London pre-open: Stocks set for slightly higher start despite doubts around virus outbreak
Stocks are being called to start the session slightly higher even as traders continue to grapple with the difficulty of pinpointing how far along China is in controlling the outbreak of a new coronavirus in the country.
Despite that, the FTSE 100 is being called to start the session three points higher at 7,455.
On Thursday, Chinese officials revised the methodology employed to count coronavirus cases to include "suspected" cases, or patients diagnosed with CT imaging scans, which are less reliable than nucleic acid tests, resulting in a spike in the reported number of cases.
"Markets are already adjusting to the new reality with shares in Asia falling and havens like gold and US treasuries rising. However, losses are limited for now," said Jasper Lawler, director of research at LCG.
"If this new methodology means detection methods have improved and if the spike in the number of cases is a one-off, then a larger market sell-off might be averted."
No major UK economic reports are scheduled for release on Friday.
Stateside, a raft of economic data is due out, starting with readings on monthly import prices and retail sales in December at 1330 GMT, followed by figures on industrial production at 1415 GMT and consumer confidence at 1500 GMT.

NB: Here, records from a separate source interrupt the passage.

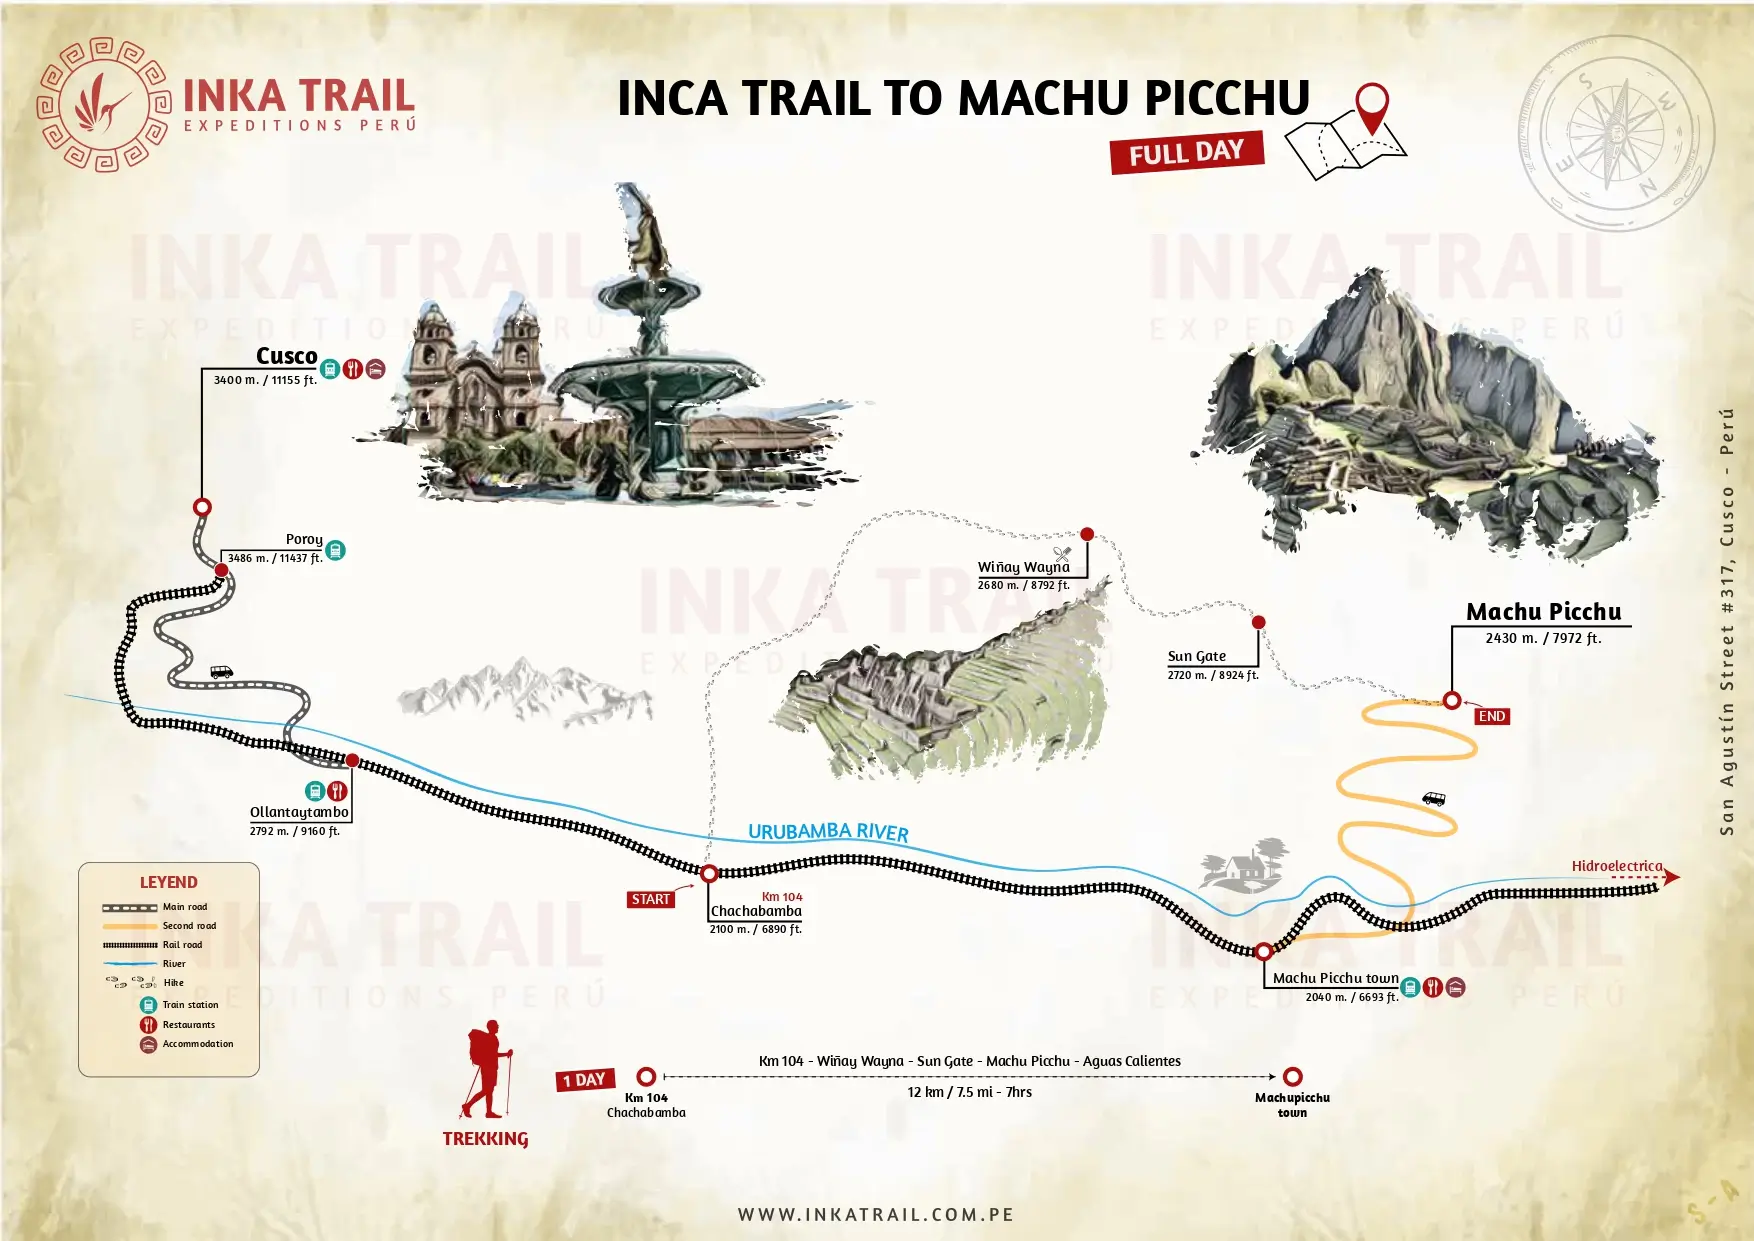  camino inka mapa full day
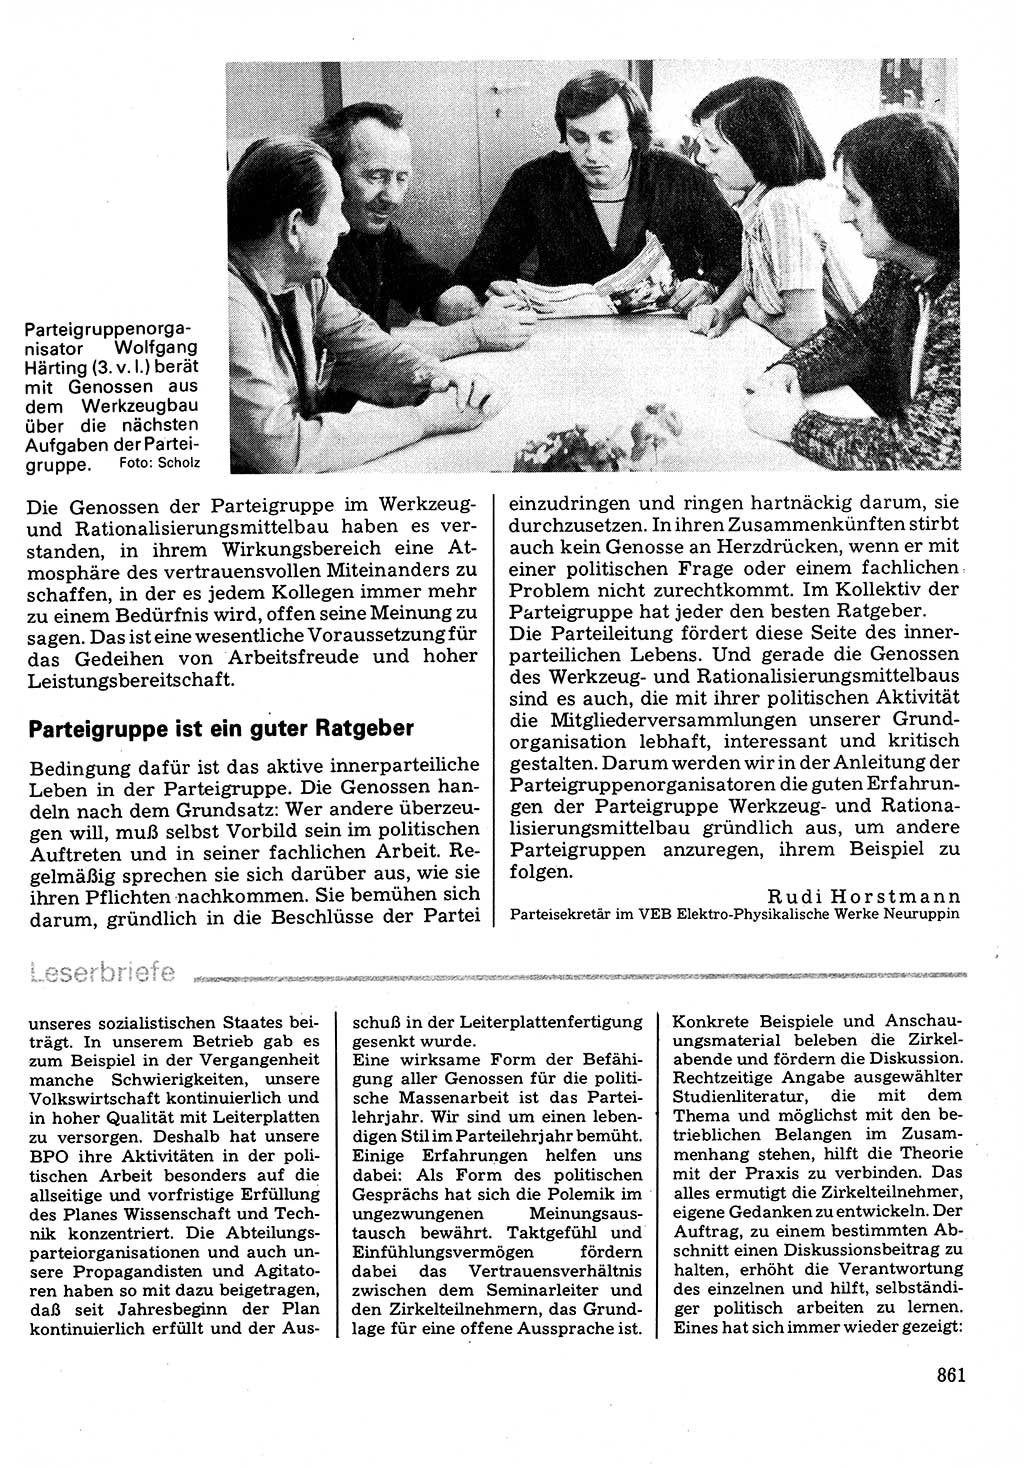 Neuer Weg (NW), Organ des Zentralkomitees (ZK) der SED (Sozialistische Einheitspartei Deutschlands) für Fragen des Parteilebens, 32. Jahrgang [Deutsche Demokratische Republik (DDR)] 1977, Seite 861 (NW ZK SED DDR 1977, S. 861)
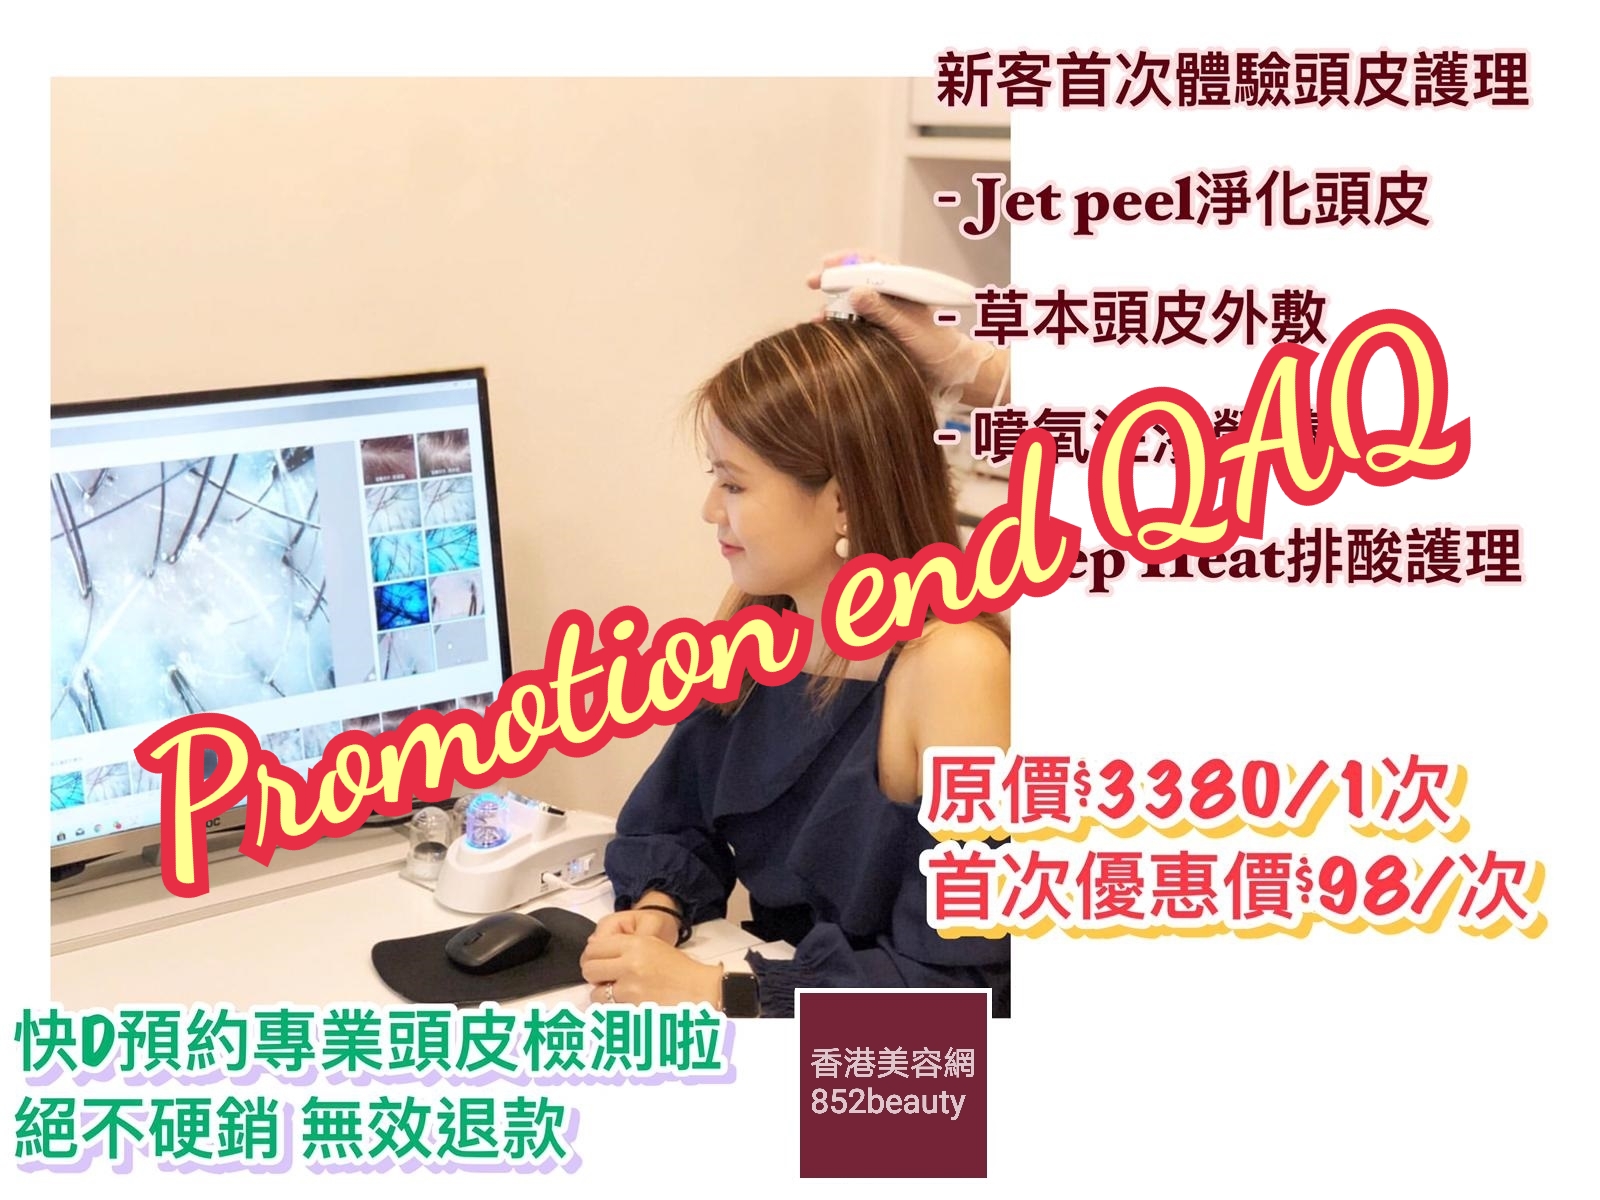 香港美容網 Hong Kong Beauty Salon 最新美容優惠: 美容優惠 - 尖沙咀區] 正視頭皮健康 $98大優惠套裝 (已結束)

Meanwhile, in the euro area, investors will be watching the latest readings on euro area trade and gross domestic product covering the month of December and the fourth quarter of 2019, respectively.
Both reports are due out at 1000 GMT.
Drug giant's bottom-line hit by writedowns
AstraZeneca's annual profit fell 14% as rising costs and higher asset writedowns offset sales increases at the pharmaceutical company. Operating profit for the year to the end of December declined to $2.9bn from $3.4bn a year earlier as revenue rose 10% to $24.4bn.
Royal Bank of Scotland reported a rise in annual profits as it forecast a £200m hit to its personal business from regulatory changes. The bank reported operating profit before tax of £4.23bn for the financial year, up from £3.3bn and declared a final ordinary dividend of 3.0 pence a share with a 5.0 pence special dividend. It also announced that it would change its parent company name from RBS to NatWest Group later this year.
Segro reported a 10.8% rise in its adjusted pre-tax profit in its full-year results on Friday, to £267.5m, which it said reflected a record year of development completions, high customer retention rates, like-for-like rental growth and a low vacancy rate. The FTSE 100 property investment and development company said adjusted earnings per share stood at 24.4p for the 12 months ended 31 December, which was up 4.3% over 2018, or 9.9% higher excluding the impact of the SELP performance fee received in 2018.